The disclosure may repeat reference numerals and/or letters in the various examples or Figures. This repetition is for the purpose of simplicity and clarity and does not in itself dictate a relationship between the various embodiments and/or configurations discussed. Further, spatially relative terms, such as beneath, below, lower, above, upper, uphole, downhole, upstream, downstream, and the like, may be used herein for ease of description to describe one element or feature's relationship to another element(s) or feature(s) as illustrated, the upward direction being toward the top of the corresponding figure and the downward direction being toward the bottom of the corresponding figure, the uphole direction being toward the surface of the wellbore, the downhole direction being toward the toe of the wellbore. Unless otherwise stated, the spatially relative terms are intended to encompass different orientations of the apparatus in use or operation in addition to the orientation depicted in the Figures. For example, if an apparatus in the Figures is turned over, elements described as being “below” or “beneath” other elements or features would then be oriented “above” the other elements or features. Thus, the exemplary term “below” can encompass both an orientation of above and below. The apparatus may be otherwise oriented (rotated 90 degrees or at other orientations) and the spatially relative descriptors used herein may likewise be interpreted accordingly.

Moreover, even though a Figure may depict a horizontal wellbore or a vertical wellbore, unless indicated otherwise, it should be understood by those skilled in the art that the apparatus according to the present disclosure is equally well suited for use in wellbores having other orientations including vertical wellbores, slanted wellbores, multilateral wellbores or the like. Likewise, unless otherwise noted, even though a Figure may depict an onshore operation, it should be understood by those skilled in the art that the apparatus according to the present disclosure is equally well suited for use in offshore operations. Further, unless otherwise noted, even though a Figure may depict a cased hole, it should be understood by those skilled in the art that the apparatus according to the present disclosure is equally well suited for use in open hole operations.

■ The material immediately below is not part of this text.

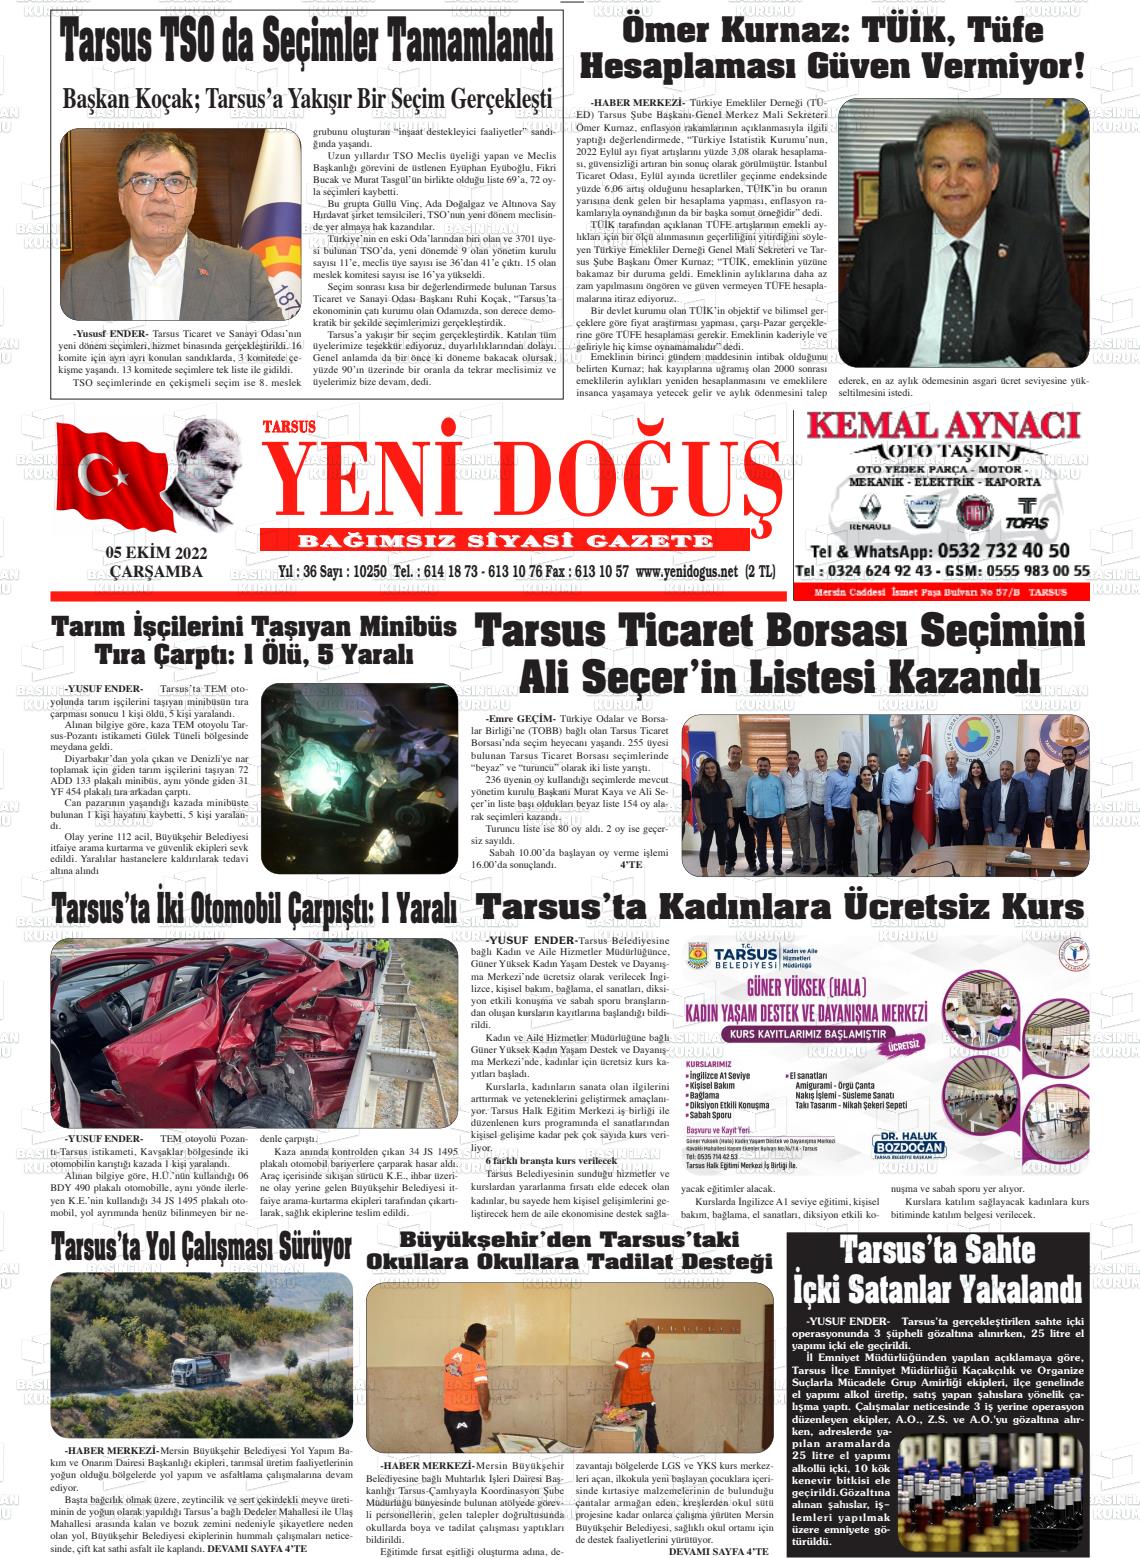 05 Ekim 2022 Tarsus Yeni Doğuş Gazete Manşeti

Illustrative embodiments and related methodologies of the present disclosure are described below in reference to FIGS. 1-5 as they might be employed, for example, in a computer system for performing reservoir simulations based on one or more numerical simulation models. Other features and advantages of the disclosed embodiments will be or will become apparent to one of ordinary skill in the art upon examination of the following figures and detailed description. It is intended that all such additional features and advantages be included within the scope of the disclosed embodiments. Further, the illustrated figures are only exemplary and are not intended to assert or imply any limitation with regard to the environment, architecture, design, or process in which different embodiments may be implemented.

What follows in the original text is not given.